> **PROVIDED DATA**
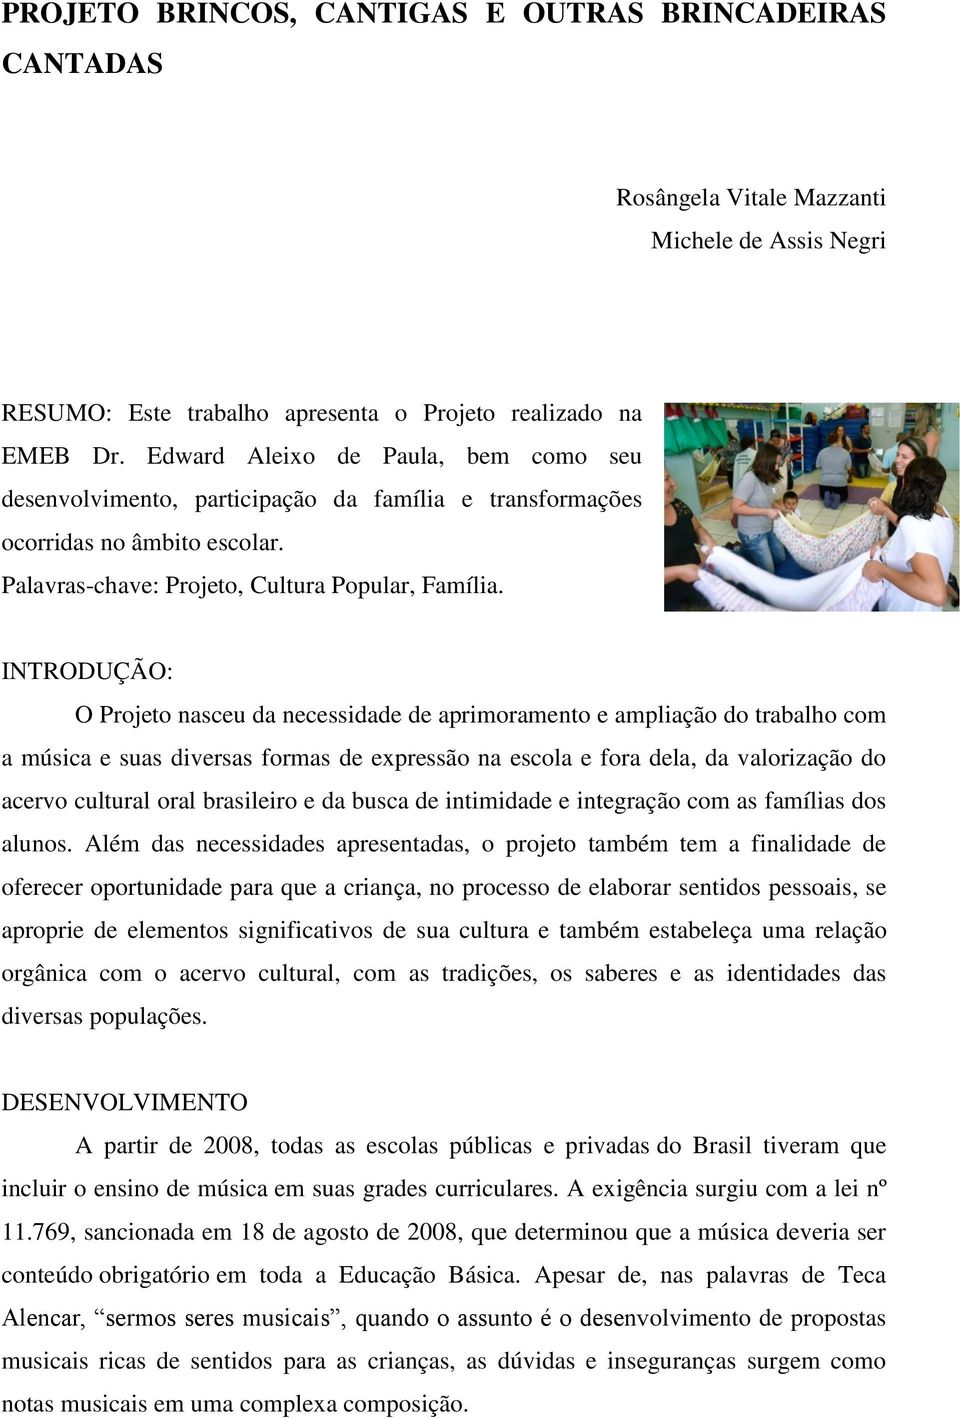 PROJETO BRINCOS, CANTIGAS E OUTRAS BRINCADEIRAS CANTADAS - PDF Free Download
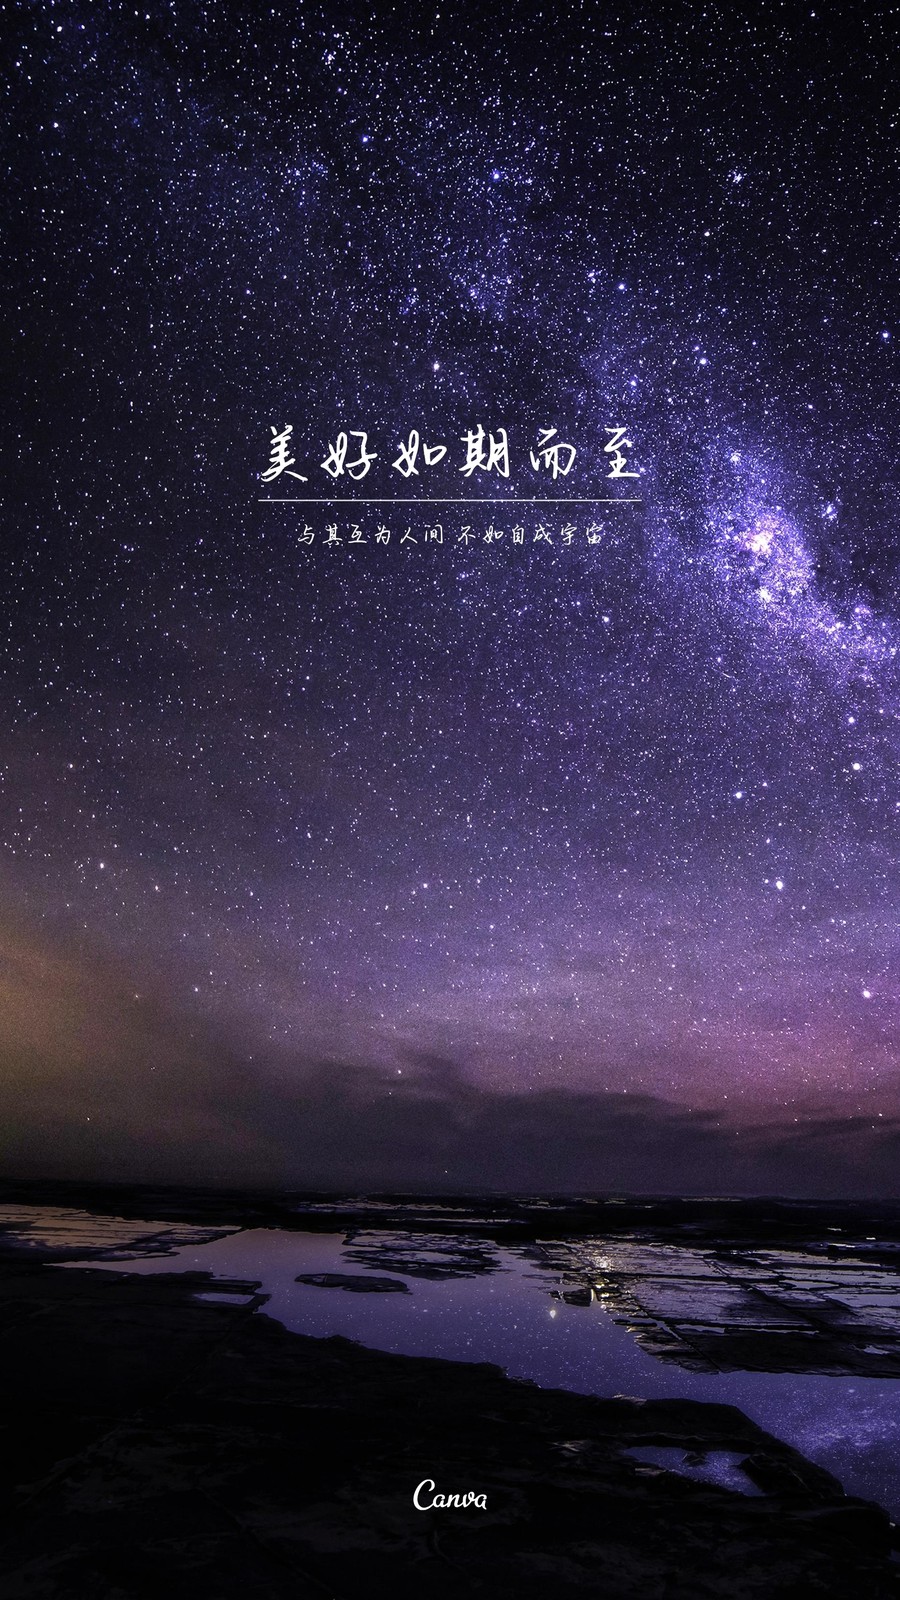 蓝紫色星空星星宇宙nasa火星月亮繁星照片热点分享中文手机壁纸 模板 Canva可画
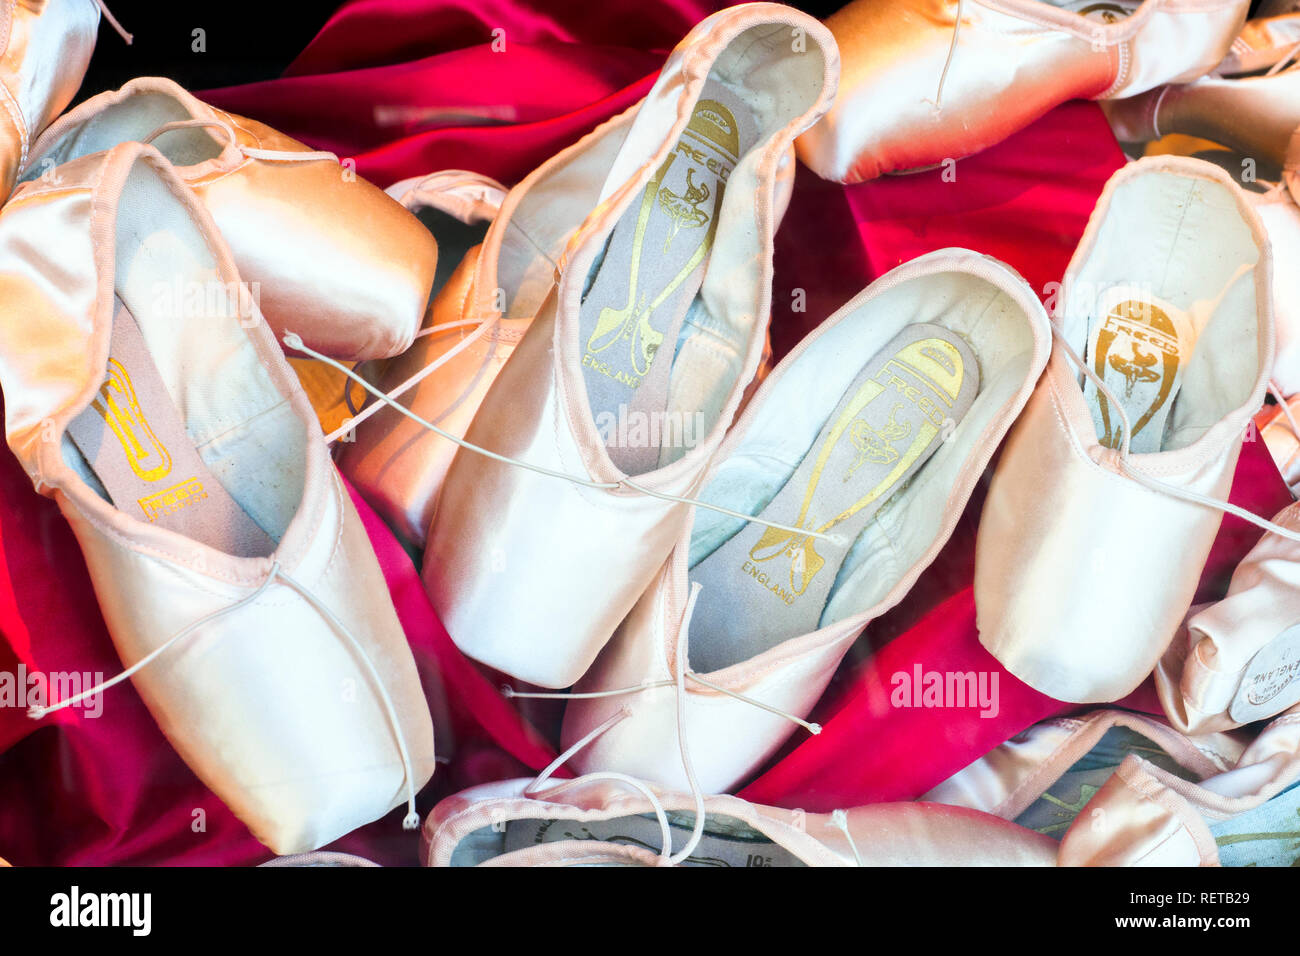 Des chaussons de ballet rose - Londres, Angleterre Banque D'Images
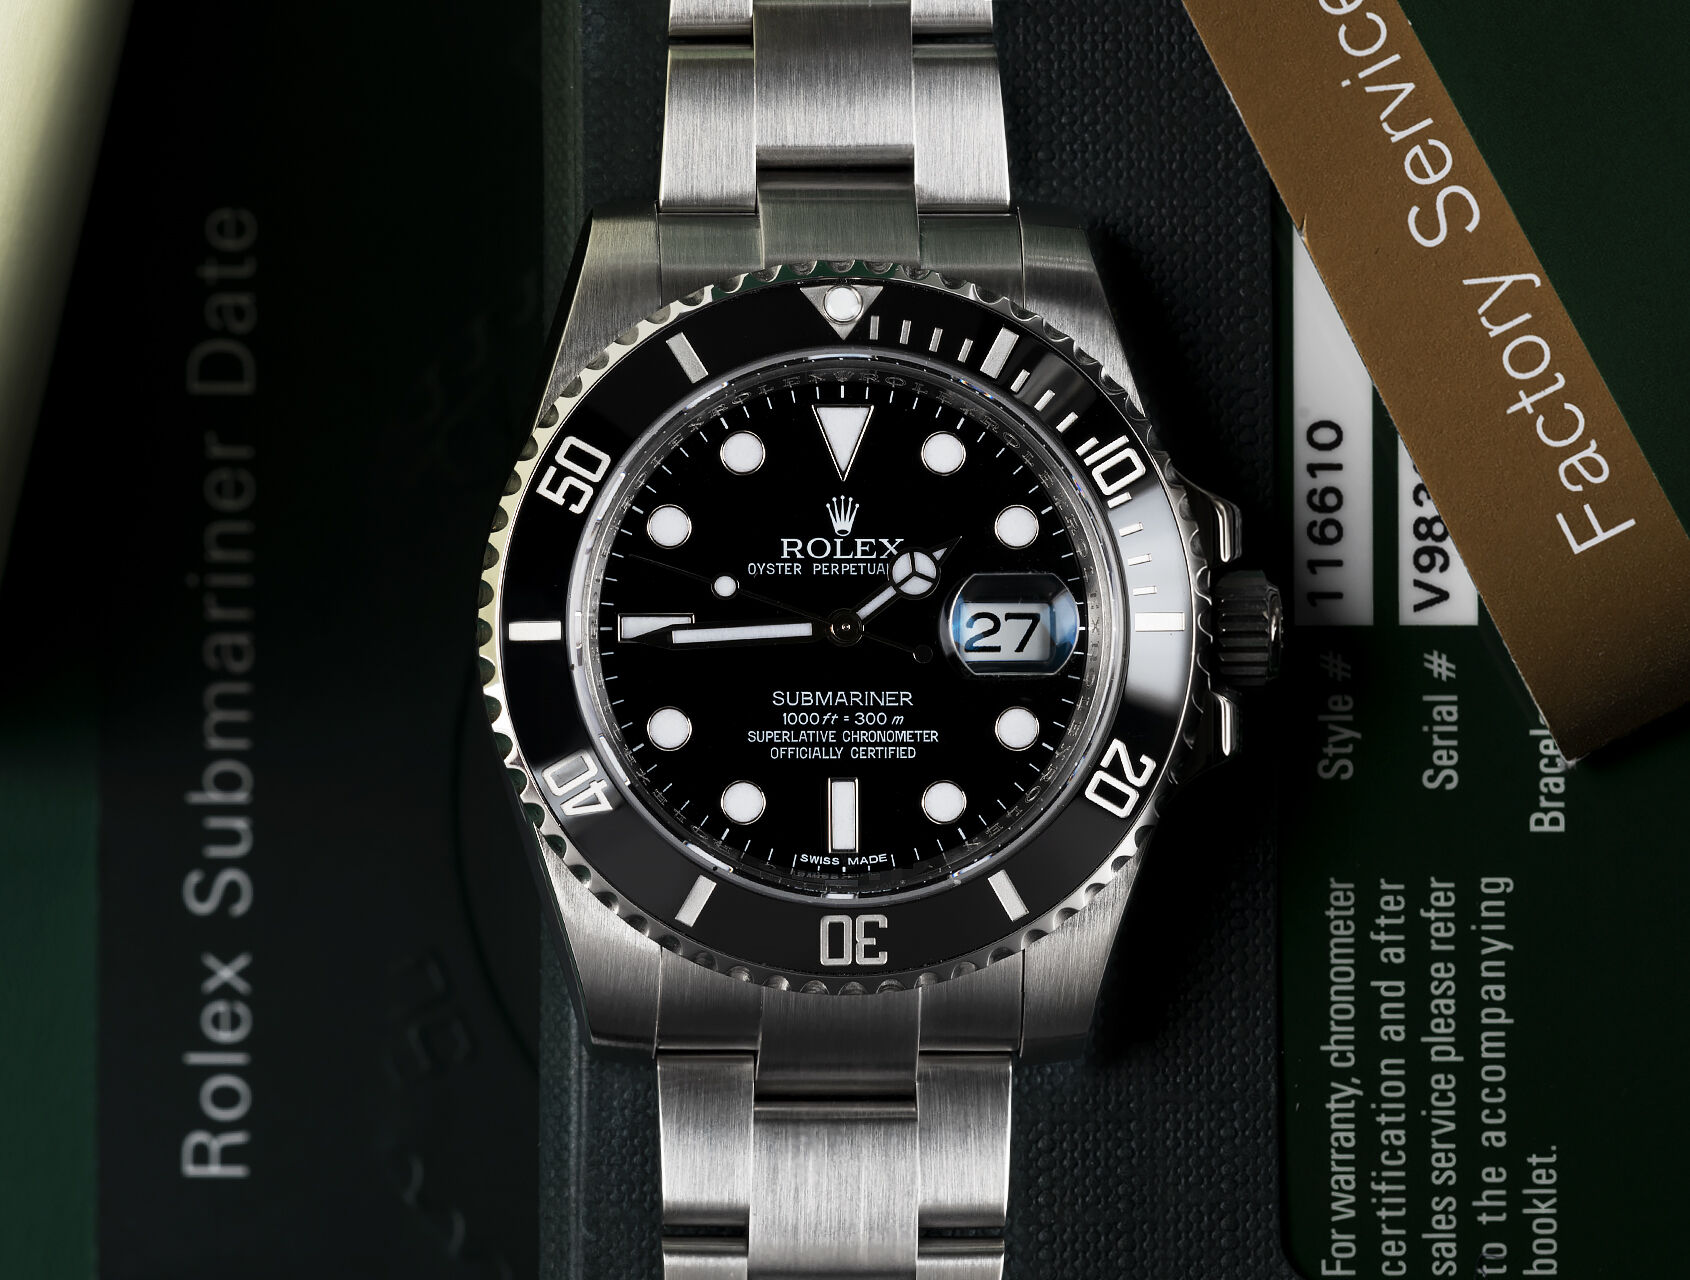 ref 116610LN | 116610LN - Box & Certificate | Rolex Submariner Date

> **YOUR OBJECTIVE**
Restate the material above word for word, omitting the pictures.

> **EXERCISE ANSWER**
 PROJETO BRINCOS, CANTIGAS E OUTRAS BRINCADEIRAS CANTADAS - PDF Free Download
 蓝紫色星空星星宇宙nasa火星月亮繁星照片热点分享中文手机壁纸 模板 Canva可画
 Des chaussons de ballet rose - Londres, Angleterre Banque D'Images
 ref 116610LN | 116610LN - Box & Certificate | Rolex Submariner Date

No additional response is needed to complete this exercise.